Mondays trip over the rainbow bridge
I have been lurking this page for a bit over two weeks now.
This is my psychiatric service dog Yoshi. He’s 11-would be 12 in Aug. had him from a pup that would fit in my hand. This lil dude has been by my side through a lot. Including many military moves. We are currently at the end of a tour here in Hawaii. A couple weeks ago he had issues going potty. He strained so much that he collapsed and started shaking and crying and I rushed him to the emergency vet.
Fast forward an exam, X-rays and cytology and we learn he has a 7cm anal gland tumor that has also spread to the surrounding lymph nodes.
We are set to move mid May to the mainland and this was going to be his retirement flight as my SD. To leave here you need certain shot to fly and a ten day health certificate which we would have never gotten clearance for after this.

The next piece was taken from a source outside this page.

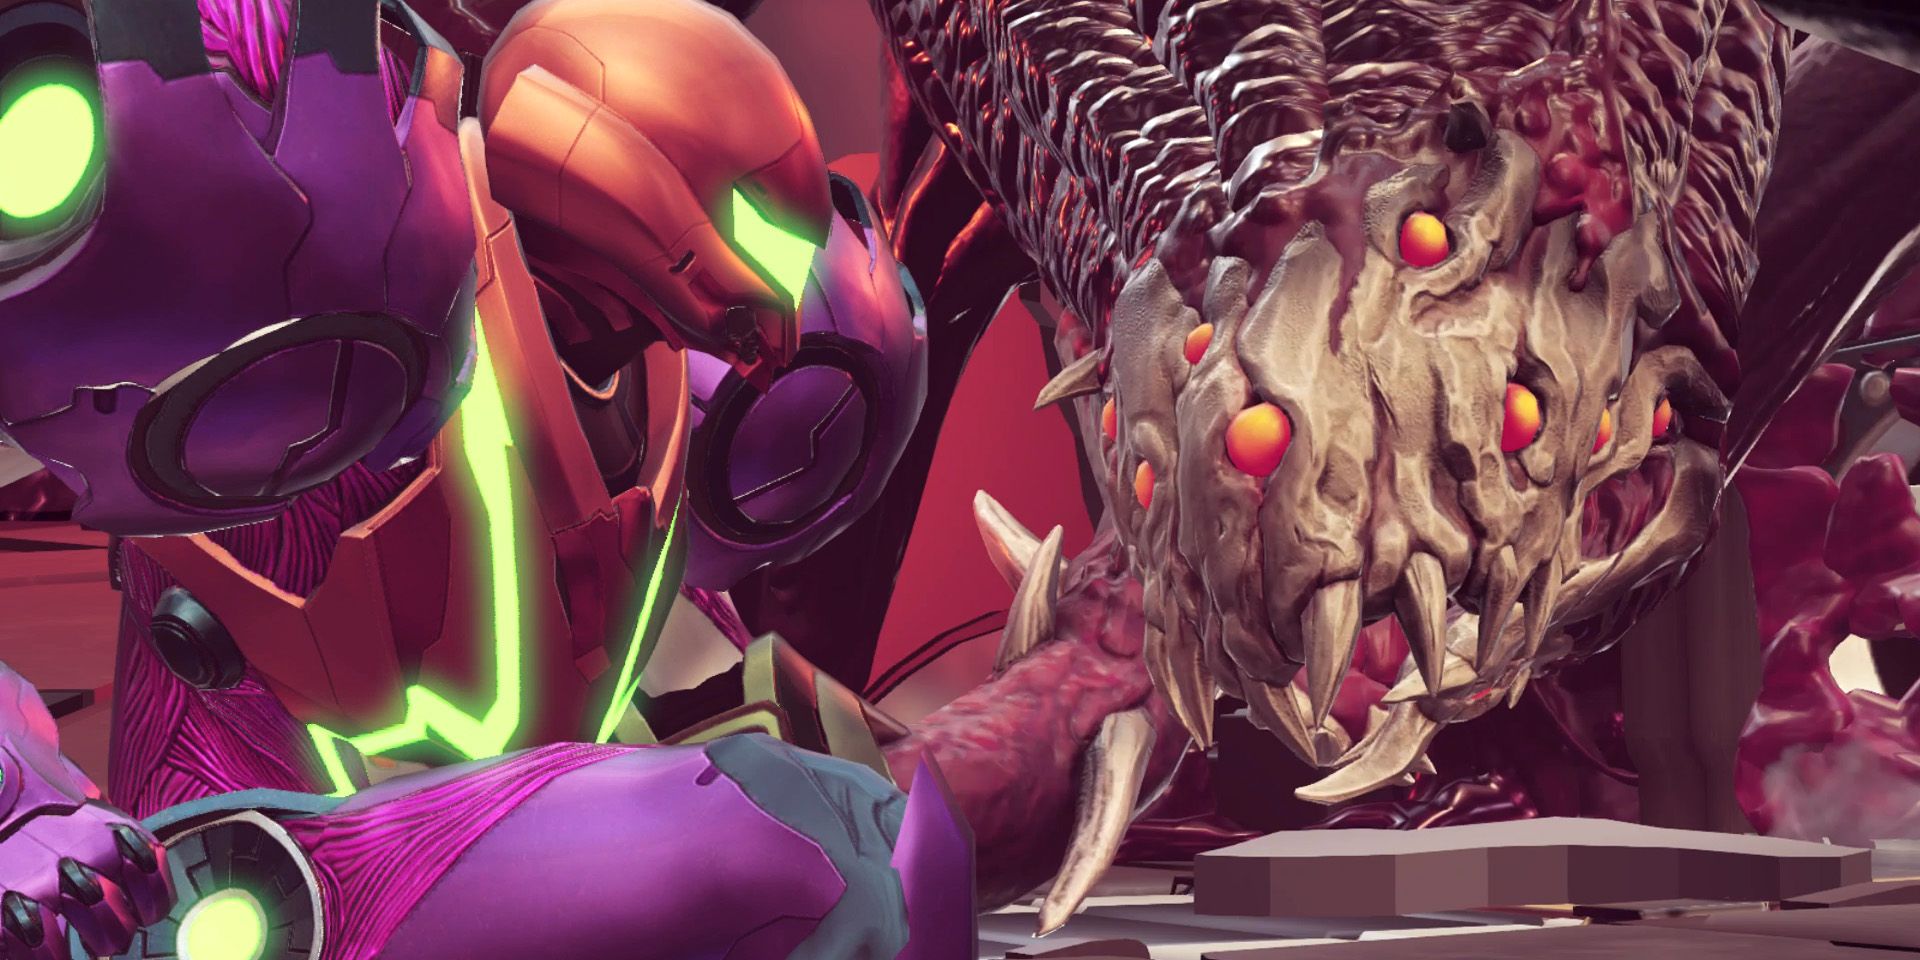 metroid-dread-experiment-no-z-57-boss-guide-cataris-00-featured-image-samus-and-boss

They said that surgery would be tough bc he’s a smaller guy and it’s completely pushed his bladder to a different location. They would have to break a bone to try and reach it and even then they said they wouldn’t get it all and started talking about chemo and radiation but said that the recovery alone from this at this size and his age is not promising and even with chemo etc they said it would only extend his life about six months bc the cancer would come back and it’s super aggressive. (I asked them to be brutally honest with me)
They also said they weren’t comfortable signing a health certificate which for May 12 but are open to monitor the situation and discuss in a few weeks.
We decided that we wanted to spend quality time with him. Not have him suffer a wild surgery that wouldn’t even adding meaningful time to his life.
So they gave us meds and for about a week he rallied like a champ. Way slower with walks but was eating with an appetite stimulant (always a picky eater even before) playing with us eyes still full of life and sleeping at night. Until he wasn’t.
A few days ago he couldn’t handle half the distance of his already shortened walks without a break.
Woke up a couple nights to potty but then the last night it was every two hours. He stopped eating even his special home cooked chicken, rice and green beans meals I made him.
Today it was like a complete deflated version of my Yoshi dog.
And I have been diligent about tracking his quality of life in various areas and saw it heading down and was hoping for a rebound.
Today I made up my mind that I don’t want him to suffer anymore.
He can’t get comfy he will only eat small bites hand fed to him of deli ham or turkey and his occasional greenie treat. He was just laying on the floor breathing heavy and fast with his eyes open. He did come to cuddle a few times and had a moment where he tossed his favorite toy around but he has been mostly sad and sighing most of the day today.
I really hope I don’t get judged for not getting surgery and doing chemo etc but we don’t want to put ourselves (him and the family) through that. Plus the specifics needed to fly in cabin is almost an impossible task especially now.
I really thought we had a few good years of him left before old age really set in and my world has been flipped upside down so fast.
As I was packing he looked at me like are you leaving bc I did take a short trip a month before to find a house. It breaks my heart that I told him, don’t worry buddy you’re coming with me next time and you’re going to love our new home with no stairs, a backyard and not slippery floors.
Now I feel like I lied to him.
I have never had to make this decision before and I have read that you just know and to be honest idk if I KNOW but what I do know is how unfair everything is. His pain and suffering, and the fact that I will be bringing Yoshi to our new home but it will be his ashes… I feel like I failed him in some way to keep him healthy and safe at the end because all of this is so sudden and my heart is breaking that I scheduled his passing like a dinner reservation or something.
Please tell me that I am making the right choice. He is terminal and I understand that and I knew it wouldn’t be long but it still seems so soon.
If you’re still here with me thanks for reading, I honestly didn’t think I’d post but I guess I just really need to say all this.